2. Although some European investors active in Asia, including London-based Hermes
GPE, have a presence in the region, others could lose out on Asian investment
opportunities. "The biggest losers ultimately could be the very European investors
whom the AIFMD was originally intended to protect…. Asian and other non-EU
managers are increasingly choosing not to direct marketing efforts into the EU, given
the complexity and costs of complying with the AIFMD," said Mr. Fadely.
Clifford Chance Partner Matthias Feldmann contends the directive could have a
negative impact on European limited partners, resulting in a greater focus among
Asia's general partners in tapping U.S. and other Asian investors. However, other
industry participants disagree.
"Can I ignore Europe?

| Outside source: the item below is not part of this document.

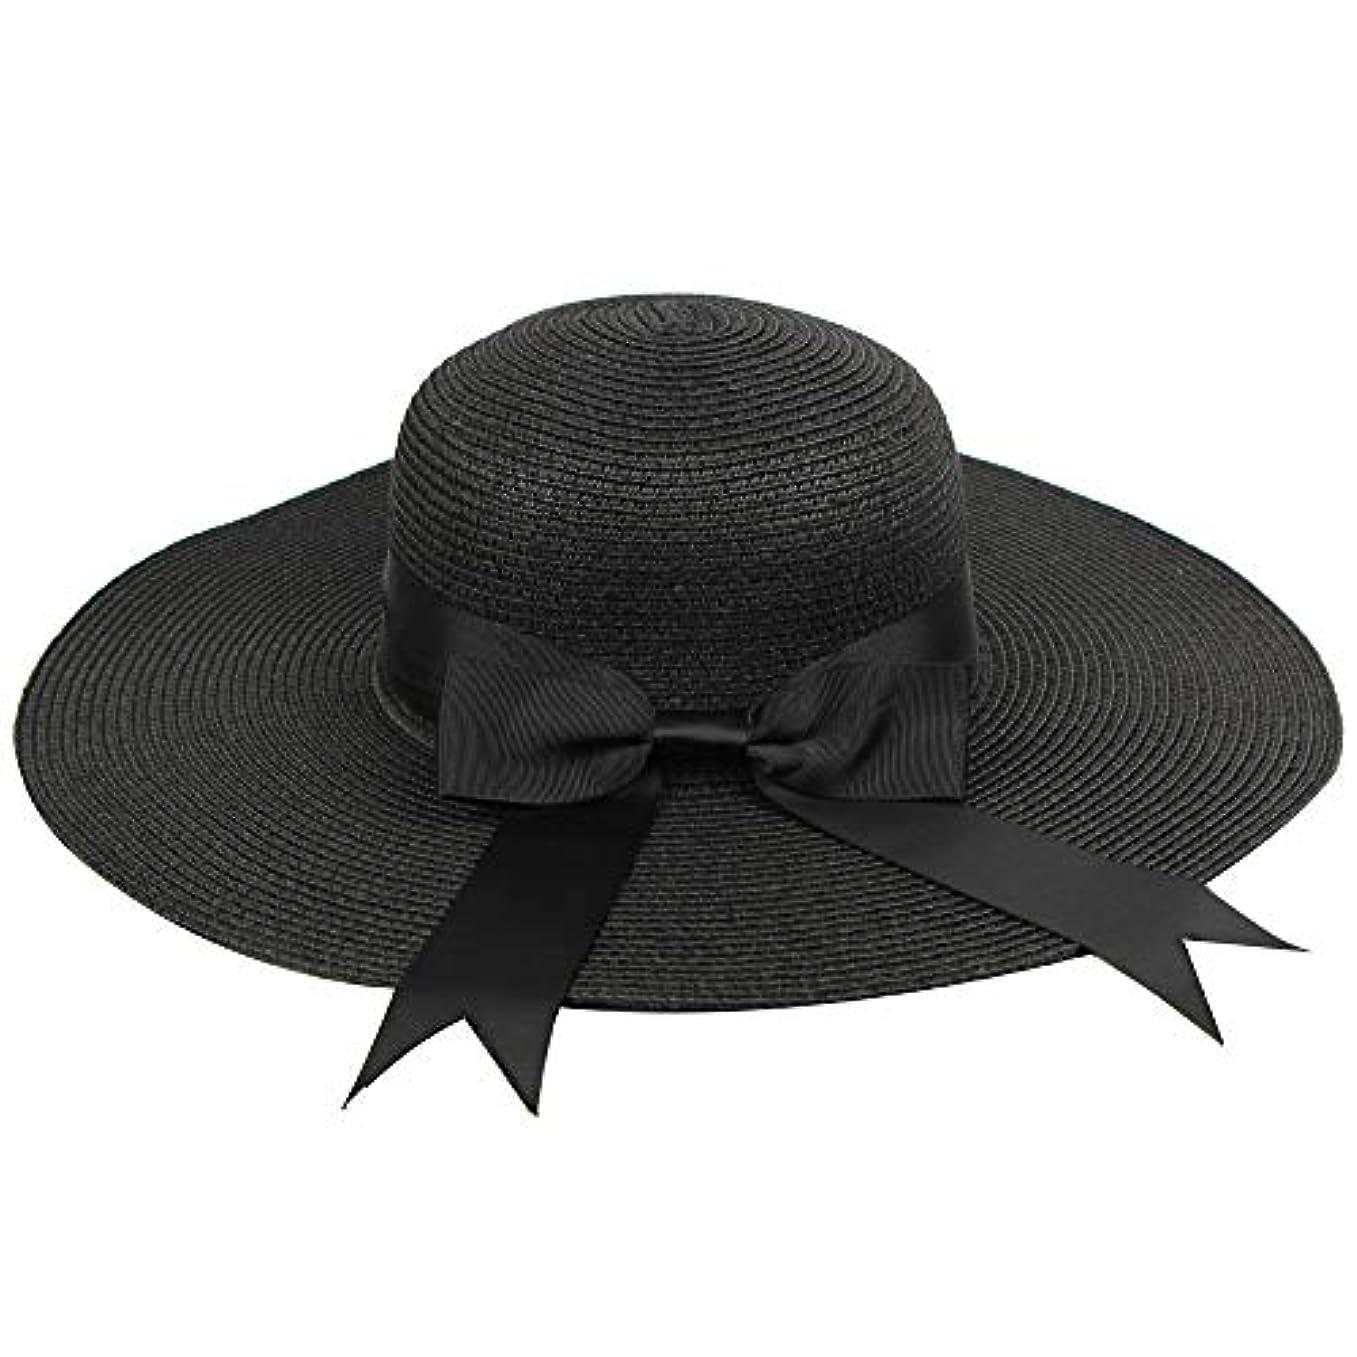 精査する拒否ドットUVカット 帽子 ハット レディース 紫外線対策 日焼け防止 軽量 熱中症予防 取り外すあご紐 つば広 おしゃれ 広幅 小顔効果抜群 折りたたみ サイズ調節可 旅行 調節テープ 吸汗通気 紫外線対策 ROSE ROMAN

If as a GP I had a super-performing fund and had investors
falling all over me, then I might just forget about Europe. But most GPs obviously are
not going to be in that camp," said the Hong Kong-based fund manager. "As such, it
would be risky to completely ignore Europe in a fundraising, in this environment."
Over the years, Continental Europe has become the largest source of capital outside of
the U.S. for private equity firms in marketing mode across the globe. European
investors accounted for 36% of capital raised outside of the U.S. in 2012 by general
partners that participated in a recent Dow Jones Private Equity Analyst Sources of
Capital Survey. The U.K. contributed another 13% of the money raised from non-U.S.
investors, according to the survey.
Adding to challenges Asian GPs' face, more global LPs have begun to question how
much they're willing to commit to Asia amid concerns about a slowdown in the pace
of exits from Asian GPs, especially those with sizable investments in China, where
fewer companies are going public. Meanwhile, regulatory changes in Europe,
including Basel III, alongside the region's economic woes have slowed the investment
pace of many European investors.
Even private equity giant TPG Capital has had a tough time securing new capital for a
sixth pan-Asian fund, for which it has had to slash its overall goal to around $3.5
billion, from an original target of $4 billion.
European capital is, however, particularly important for first-time fund managers, said
Niklas Amundsson, a partner at private placement agent MVision Private Equity
Advisers, noting that they "rarely see any capital from Asian LPs aside from more
strategic cornerstone commitments from the sovereign wealth funds in Southeast
Asia."
Newer firms could find themselves burnt by the AIFMD, which most industry
participants in Europe, let alone Asia, agree is confusing. An Asian "GP might be
thinking that they are having a friendly coffee with a [European investor] based in
Hong Kong or Singapore, but this may still be considered solicitation in some
jurisdictions under the new directive," Mr. Amundsson added.
Asian general partners are likely to pay greater attention to the AIFMD when there's
more clarity in implementation, according to these industry participants.
3. "Conceived by politicians who, in general, didn't particularly care about or understand
the private equity industry, the AIFMD applies a set of poorly drafted rules to a
complex industry. Predictably, the result is a mess …. Their implementation has been
complex and opaque," said Weil's Mr. Fadely.